Aprendimos, desde chiquitos, que los reyes magos eran tres, que venían de Oriente y que le traían al Niño Dios, recién nacido, oro, incienso y mirra. Así nos enseñaron y así crecimos, y el 6 de enero era la gran fiesta con disfrazados y desfiles y pólvora y música.
Adelante iba la estrella, llevada por una sota (dela baraja española), después los reyes, sin camellos, pero con vestimentas finas y coronas de oro y más atrás el resto de la comparsa: los viejos, los bailarines, los de los zancos, los duendes, en fin… Dos diablos espeluznantes, olorosos a azufre, de cola y cachos y ojos demoníacos, se encargaban de poner orden en el desfile y de evitar que los muchachos se metieran con los disfrazados.
Ya grandes, vinimos a saber que los tales reyes ni eran reyes ni eran magos, sino que eran unos comerciantes (tal vez contrabandistas) de oro, incienso y mirra, pero amigos de las estrellas y aficionados a seguir algún astro cuando mostraba cierta luminosidad especial. ¡Habíamos perdido la inocencia!
Y la seguimos perdiendo cuando, ya mayorcitos, de canas, bastón y gorobetos algunos, supimos que los tales personajes no sólo no eran reyes, ni magos, sino que tampoco eran tres. A Gaspar, Melchor y Baltazar ahora se les sumaba Artabán.
Cuenta la leyenda -porque la Biblia no lo dice- que Artabán no tenía camello como los otros tres, sino un burro, cargado de aceite que vendía por los pueblos. Pero también era amante de la astrología y había visto la estrella de especial luminosidad. Les pidió que lo llevaran en la caravana y ellos aceptaron. Tres sabios ricos, acamellados, y un sabio pobre, aburrado. Oro, mirra, incienso y aceite le ofrecerían al nuevo rey, que en alguna parte había nacido y cuyo camino la estrella les iba señalando.
En el desierto una noche los sorprendió una terrible tempestad de arena y viento. Los camellos se echaron, como suelen hacerlo en estos casos, y junto a ellos se cubrieron sus tres dueños. Artabán se acurrucó junto a su borrico. Al otro día encontraron un pastor a quien las ovejas se le habían disgregado por la tempestad. Gaspar, Melchor y Baltasar se condolieron del pobre pastor, pero siguieron de largo. En cambio, Artabán decidió ayudar al hombre a recoger su rebaño.
Así, el cuarto rey se quedó de sus compañeros y no pudo alcanzarlos en el desierto. Cuando llegó a Belén, ya Jesús, María y José habían huido a Egipto por la matanza de los inocentes. Conmovido por la tragedia, se dedicó a ayudar a esconder niños de la persecución de Herodes. Sorprendido por los romanos, fue llevado a prisión, donde duró treinta años.

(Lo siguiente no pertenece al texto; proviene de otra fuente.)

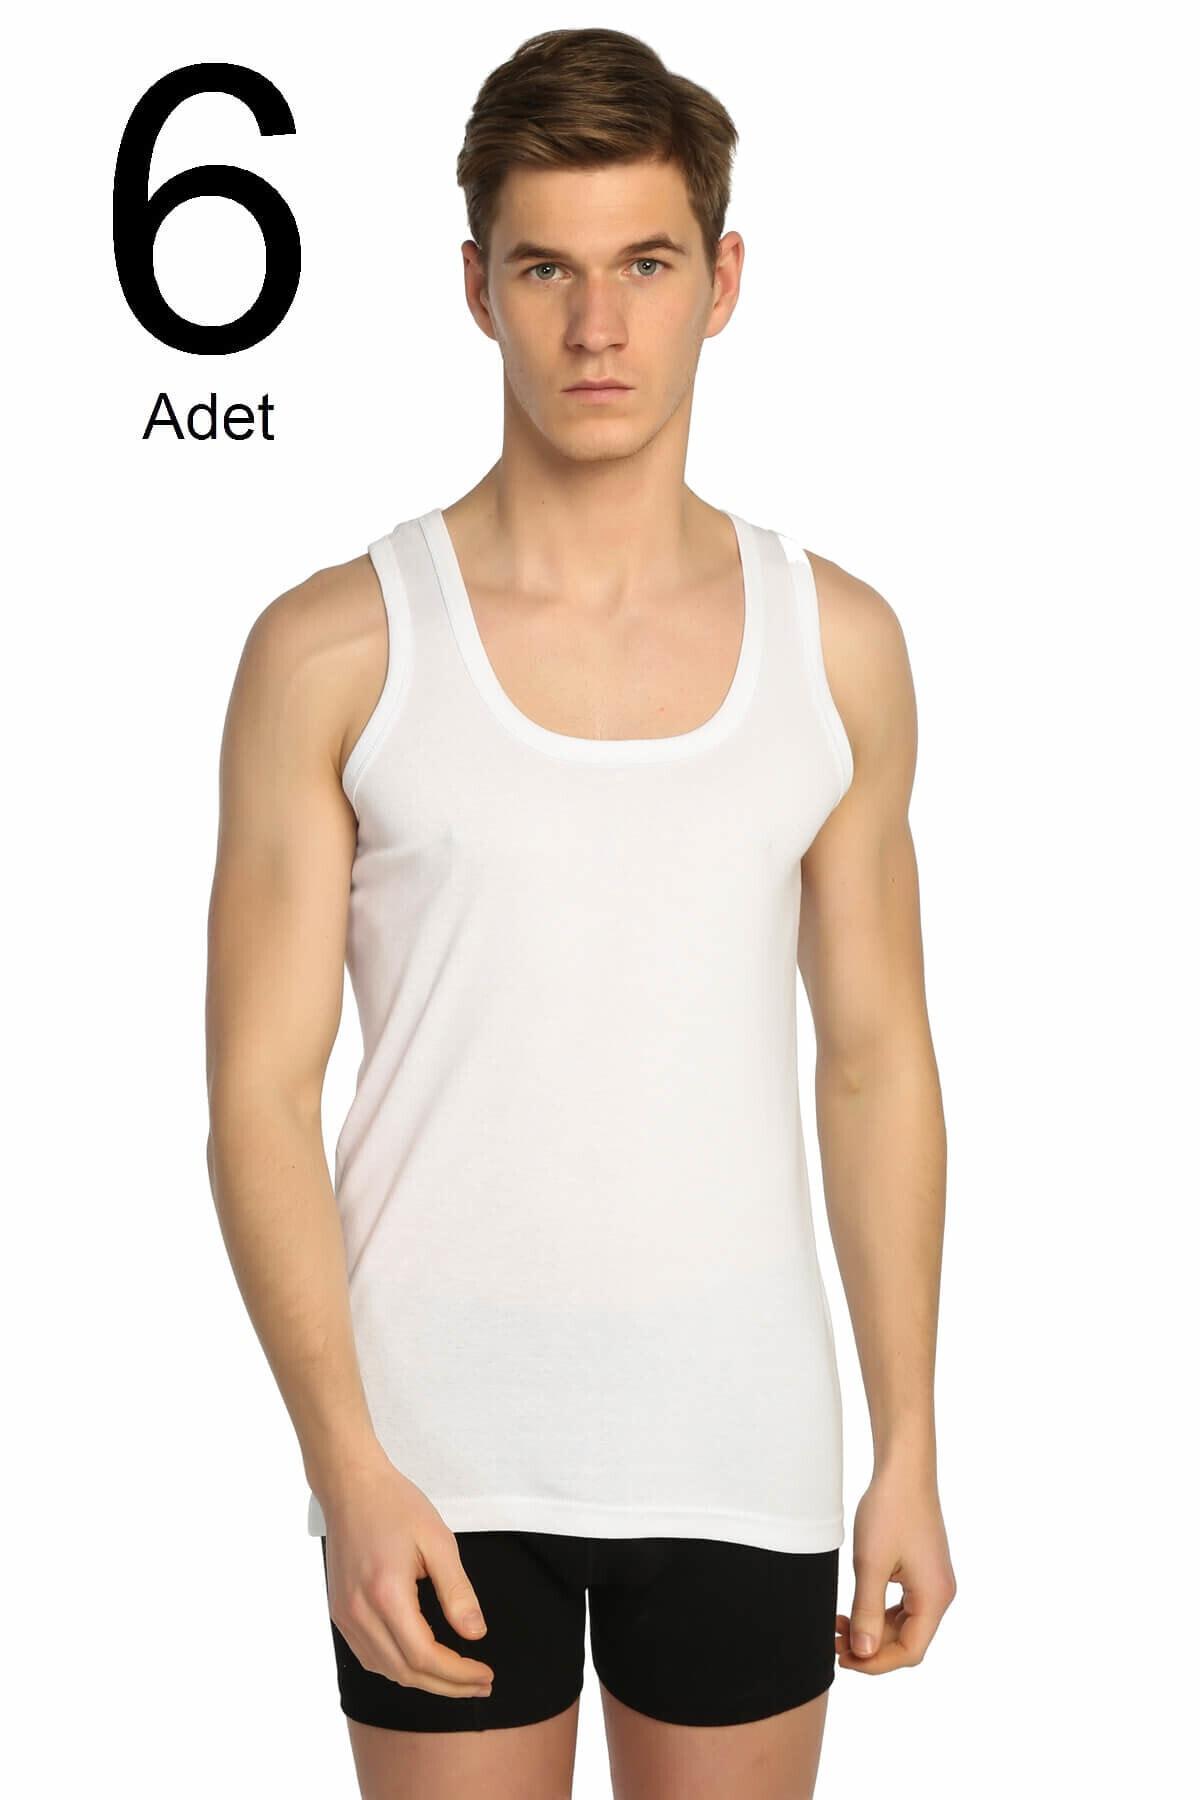 Tutku Erkek Beyaz 6'lı Paket Ribana Klasik Atlet Elf568t0102ccm6 1

Al salir, agobiado y enfermo, siguió preguntando por el Mesías, y así supo que estaba en Jerusalén y decidió ir hasta allá, pero en el camino se encontró a un hombre herido al que recogió y ayudó. Cuando entró a la ciudad, se enteró de que aquel a quien buscaba lo estaban crucificando en el Calvario. Treinta y tres años hacía que había empezado a buscarlo. Subió hasta el Gólgota y al pie de la cruz, le dijo a Jesucristo:
-Perdóname, Señor por haber llegado tan tarde, pero tuve algunos tropiezos en el camino.
Jesús lo miró con dulzura infinita, le sonrió entre lágrimas y sangre, y le dijo:
-Tú también estarás hoy conmigo en el paraíso.